Como paradoja de la libertad el marketing vende la idea de libertad individual a través del consumo (“tú eliges, tú eres único”), pero en realidad genera dependencia a nuevas ofertas del mercado.

La identidad líquida se basa en que la identidad ya no es fija, sino que se construye y reconstruye mediante actos de consumo. El marketing explota esto vendiendo productos como herramientas para “reinventarse”.

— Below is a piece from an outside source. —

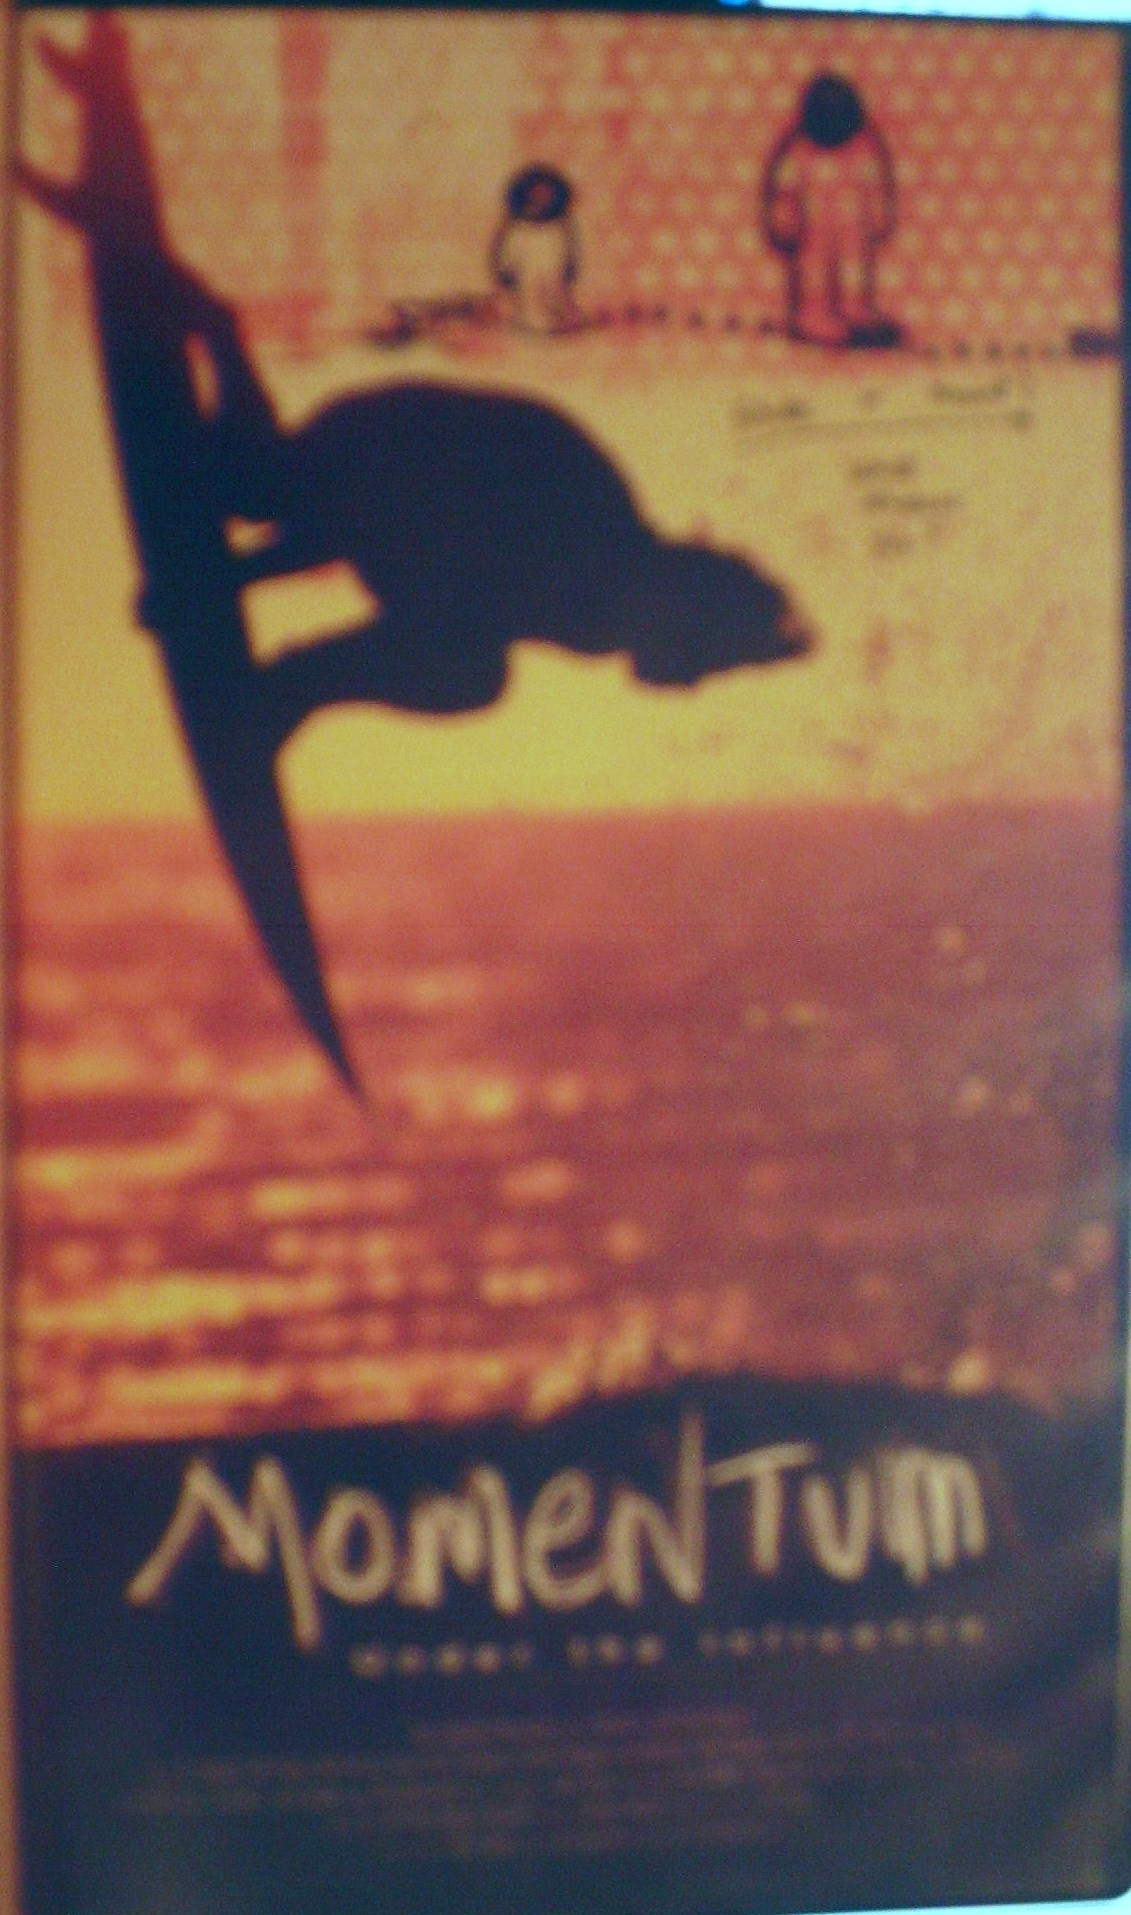 Momentum 2001 Film Wikipedia
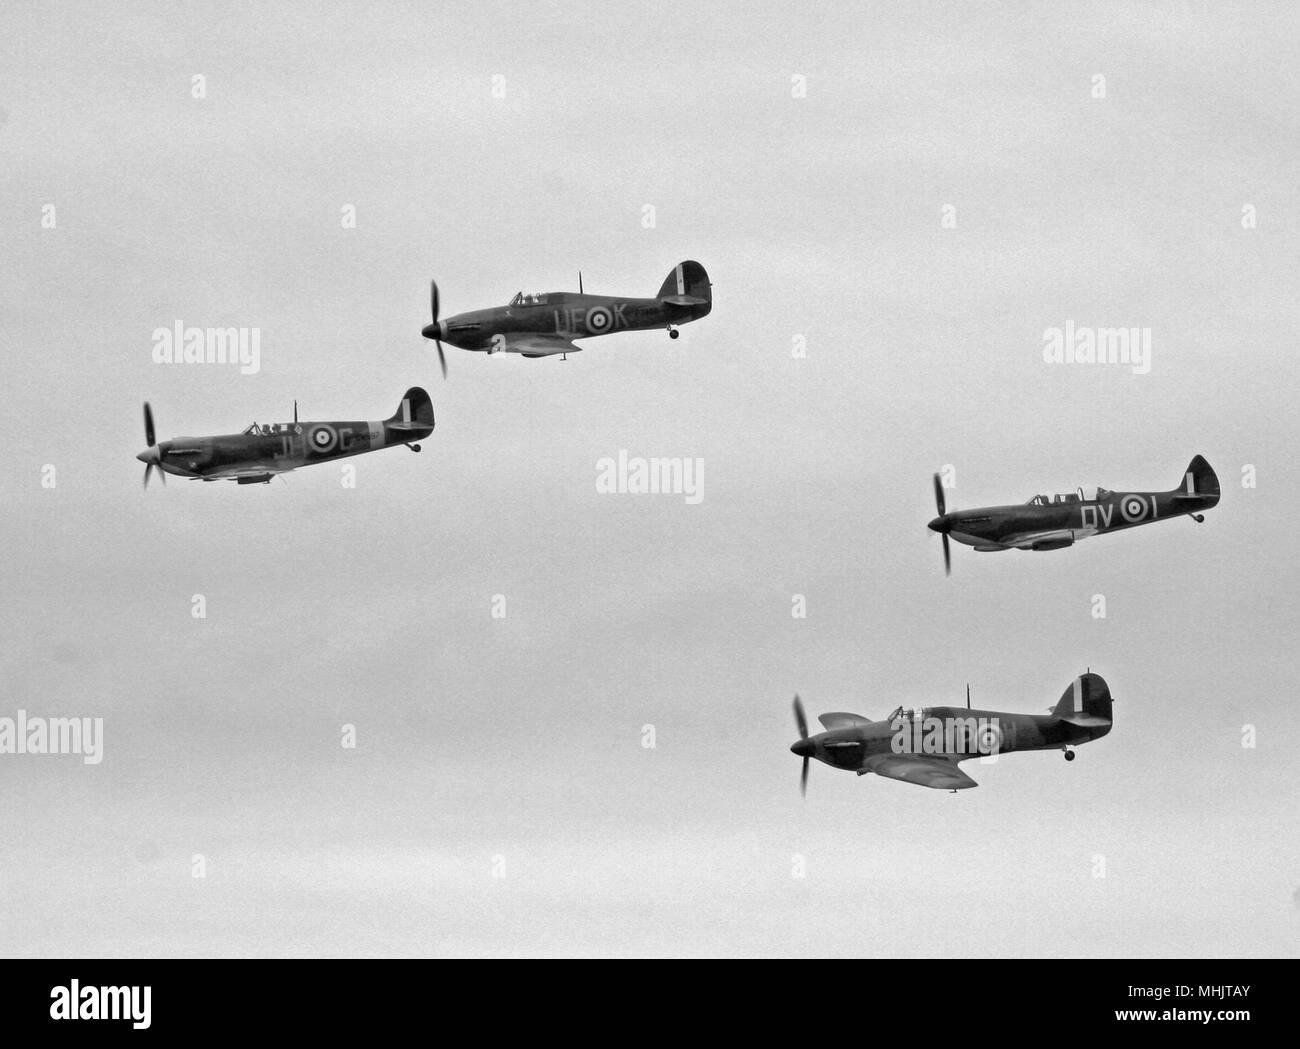 Shoreham Airshow 2013 Photo Stock

La ironía está en que el consumidor sabe que el producto no le dará la felicidad prometida, pero igualmente participa del juego. Es una relación cínica o irónica: “sé que me manipulan, pero disfruto del acto de consumir”.

Seducción en lugar de coerción, plantea Bauman su libro Modernidad líquida, el control social no se ejerce por la fuerza, sino por la seducción del mercado, creando deseos y miedos (al fracaso, a no estar a la moda, a la exclusión social).

Junto al desecho y la novedad, la economía se basa en la rápida sustitución de bienes, relaciones e incluso valores. El marketing acelera este ciclo, presentando lo nuevo como superior, aunque el cambio sea superficial.

Para el caso del outfit de Maduro irónicamente vistiendo la marca emblemática americana por excelencia es un reto al intelecto de los especialistas de márquetin, quienes se desvelan pensando en cómo poner la marca donde sea al costo que fuere.

Existe un ejemplo histórico abrumadoramente oportuno. En 1959 a Nikita Jruschov, líder de la Unión Soviética, le pusieron una Pepsi en las manos durante una exhibición estadounidense en Moscú, a manos del ejecutivo de la marca Donald Kendall, creando una famosa foto que impulsó negociaciones posteriores y culminó en un acuerdo de trueque en 1972, donde Pepsi pagaba con el refresco a cambio de vodka y, más tarde, incluso buques de guerra soviéticos.

¿Que había un producto americano en las manos de un líder soviético? fue un golpe de efecto de la publicidad como pocas se vio, pero aquello fue forzado, lo de Maduro fue tan casual como efectivo que agotó los pedidos de ese atuendo justamente casual, deportivo y extremadamente cómodo para el uso diario.